Wednesday, May 03, 2017

The False Claims For All-Inclusive

A ban by Mallorca's hoteliers on offering all-inclusive to UK holidaymakers. No sooner had this headline appeared than the cheers were ringing out. Salvation was at hand for bars and restaurants that have struggled under the yoke of all-inclusivity for years: too many years to mention. Such a ban would be the death knell for the all-inclusive. Its obituary was already being written. If only.

Curious things can happen which change business strategies and business marketing. An avalanche of false compensation claims for diarrhoea and gastric complaints falls into the curious category. No one could have anticipated that these claims might signal the end of the reviled all-inclusive: reviled, that is, by a section of the holidaymaking public but not by another but most certainly by the non-hotel complementary sector.

The point is that all-inclusive is not in a process of dismantlement. It would just be the British tourist who is barred from obtaining a wristband and from enjoying the dubious pleasures of endless queuing for dubious quality refreshment. And such a characterisation is itself false in terms of the whole offer of all-inclusive. Some of it is rubbish, some of it is not. It very much depends on the type of establishment, the type of establishment classification, the type of clientele, and the type of socioeconomic classification of that clientele (its money, therefore).

The delights of all-inclusive would instead be diverted to tourists from other nations. French, Swiss, Dutch will suddenly be able to indulge themselves in all-inclusive heaven. As though they haven't been able to already. The threat by the Mallorca Hoteliers Federation to cease offering all-inclusive to the UK market may not be an idle one, but its practicality is another issue. Demand may be a further one. Tour operator strategies for these alternative markets would be yet another. A swift U-turn in their product marketing will be required for 2018 if the British are to be denied their all-inclusive rights.

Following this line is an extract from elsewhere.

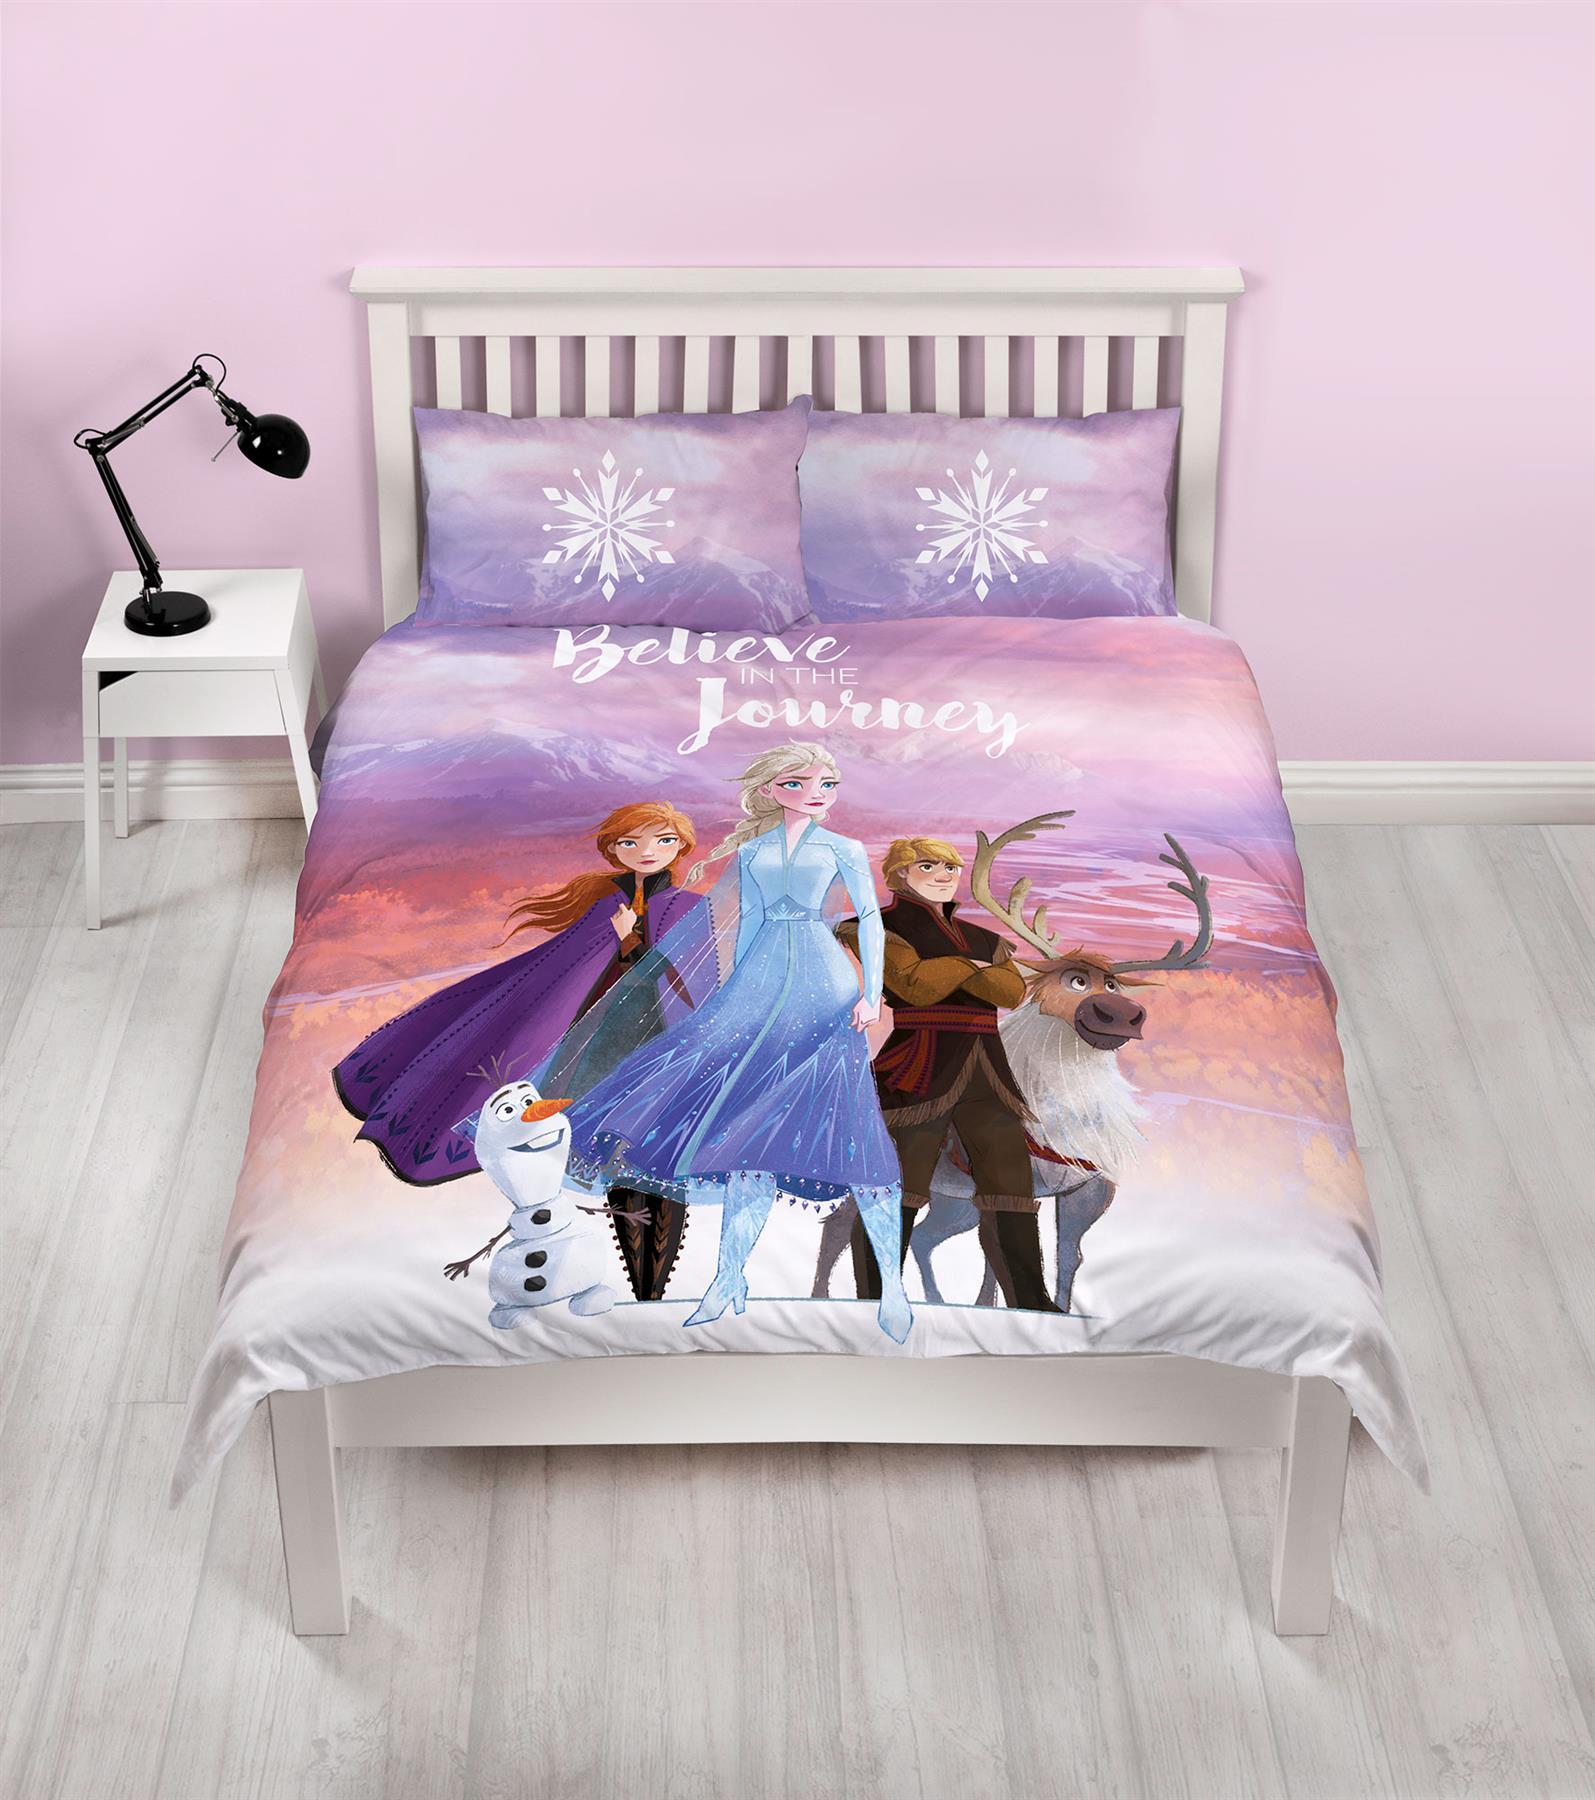 Official-Frozen-2-Duvet-Covers-Single-Double-Reversible-Bedding-Elsa-Anna-Olaf thumbnail 8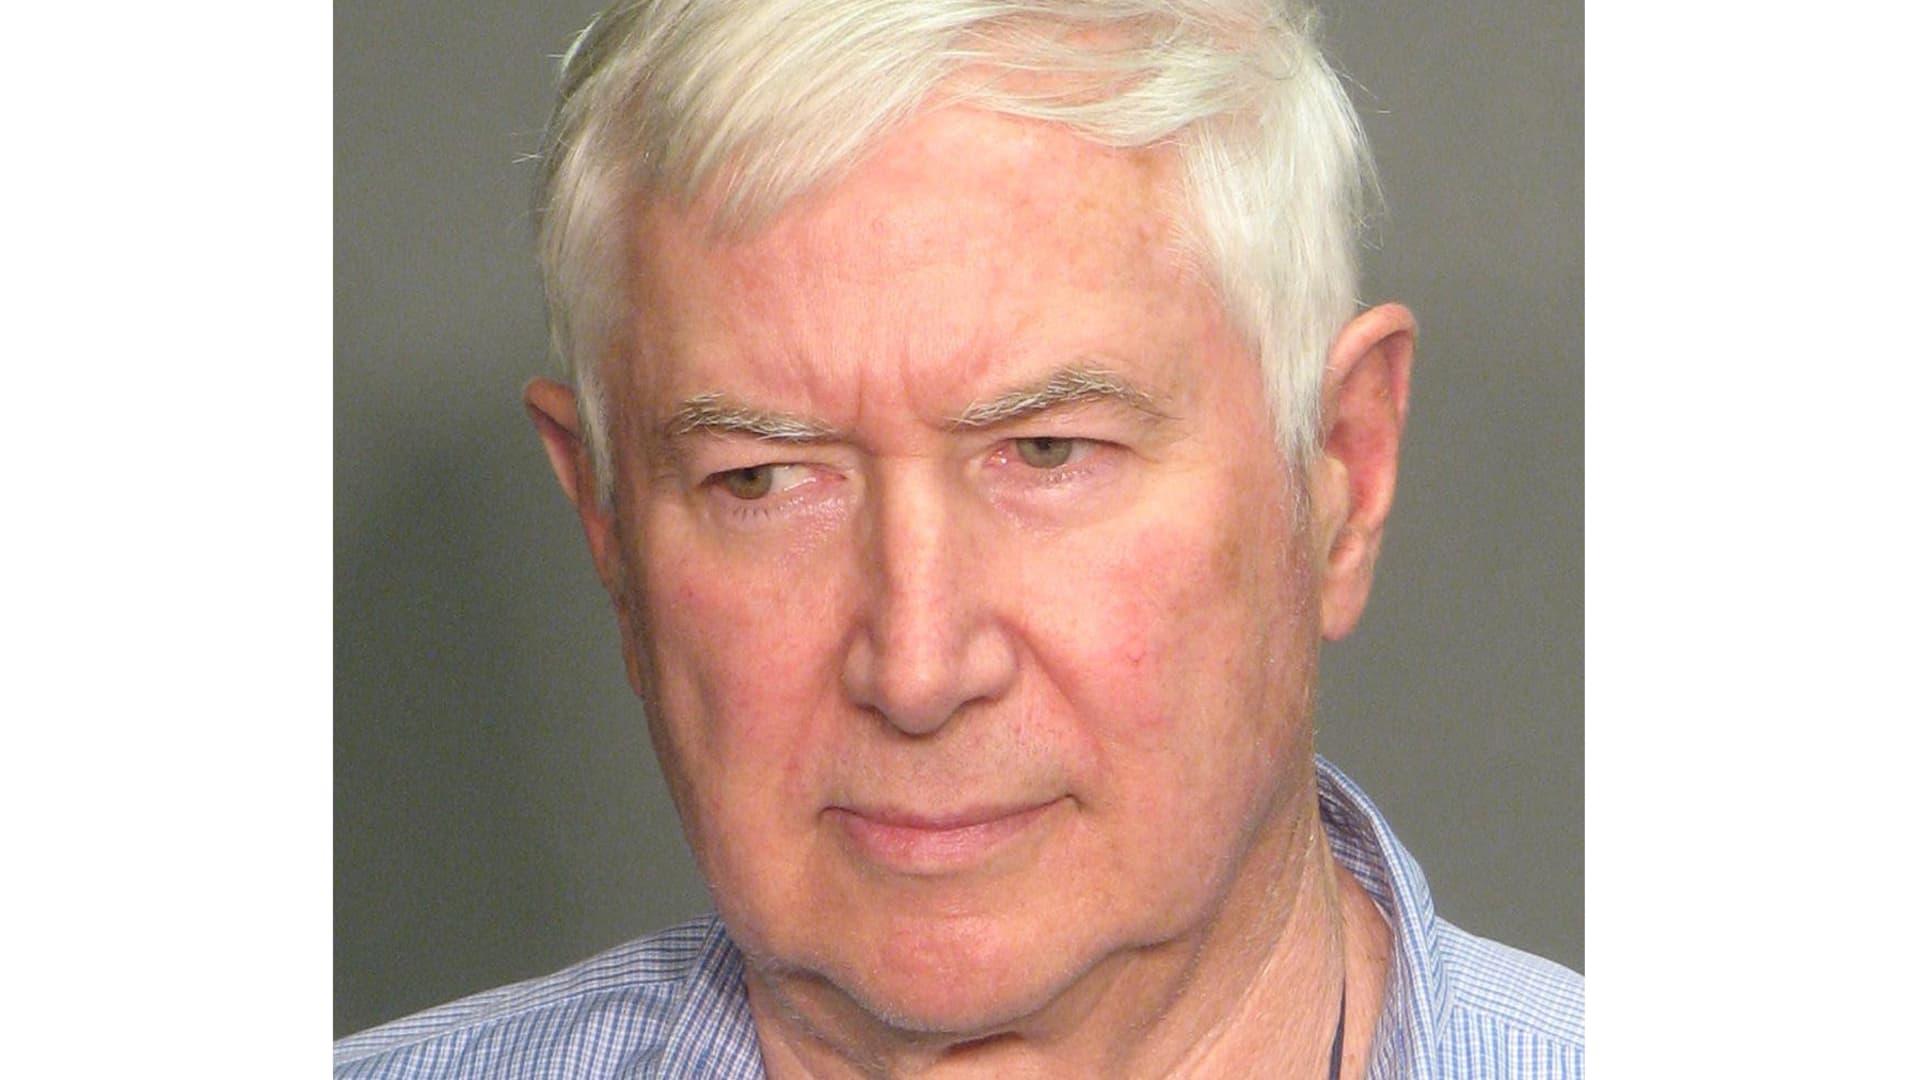 Peter Lee Coker mugshot from the Raleigh/Wake City-County Bureau of Identification (CCBI).

The UK market, in all its guises, is the second largest for Balearic tourism. It dwarfs the supply of touristic human resources from other nations. The hoteliers' threat would be difficult to follow through. It might not come about in any event if the UK justice system moves with greater alacrity than it has thus far. The threat had a sense of the good headline rather than anything definitive.

The false claims are reprehensible as well as being illegal under both UK and Spanish law. Their number, though, should make one wonder about the coherence of UK justice. Is there no database of claims? The fact that the same claim in very much the same form, directed at very much the same hotels, being made by very much the same intermediaries must surely have alerted someone to the existence of an organised fraud. Seemingly not.

This has become an issue of such significance that it has risen to the state level. The hoteliers have themselves insisted that it is a matter of state. But while far from condoning the claims, have the hoteliers not engaged in some dissembling? Reports for Mallorca as to the scale, cost and growth of claims bear a remarkable resemblance to those for Spain as a whole: the same figures in other words. Still, it's all good stuff for news management on the local hoteliers' behalf.

Is there, one might ask, another agenda: an opportunity being spied? Think of Magalluf and how there has been some jumping for joy at the fact that the resort is now less dependent on the British. The transformational process of Meliaisation has opened the gates to the resort to Swiss, Russians and others. The sub-text, barely disguised, is that these other markets will bring greater riches. The thinking, a highly generalised one, is that the British are low-rent, in addition to being drunk and almost unrecognisable because of tattooed adornment.

The false claims, targeted principally at the economy-class giant all-inclusives, just serve to reinforce this negative image of the British. They can therefore provide a means to an end, one of altering the tourism nationality marketing mix. Perhaps a post-Brexit apocalypse is also entering the thinking, but why should there be such a thing? Tourism life will continue, untrammelled by notions of what may or may not constitute freedom of movement in the future.

Brexit may, though, influence hotelier thinking regarding all-inclusive. Before the bombshell and supported by general European economic recovery, the hotels were moving away from all-inclusive. There are definitely examples of ones which have now either abandoned it, have reduced it or are contemplating doing so. Brexit, or rather foreign exchange, may just demand a rethink, hotelier threat or not; negative image of the British or not. The truth for the hoteliers is that they cannot do without the British, and they know it.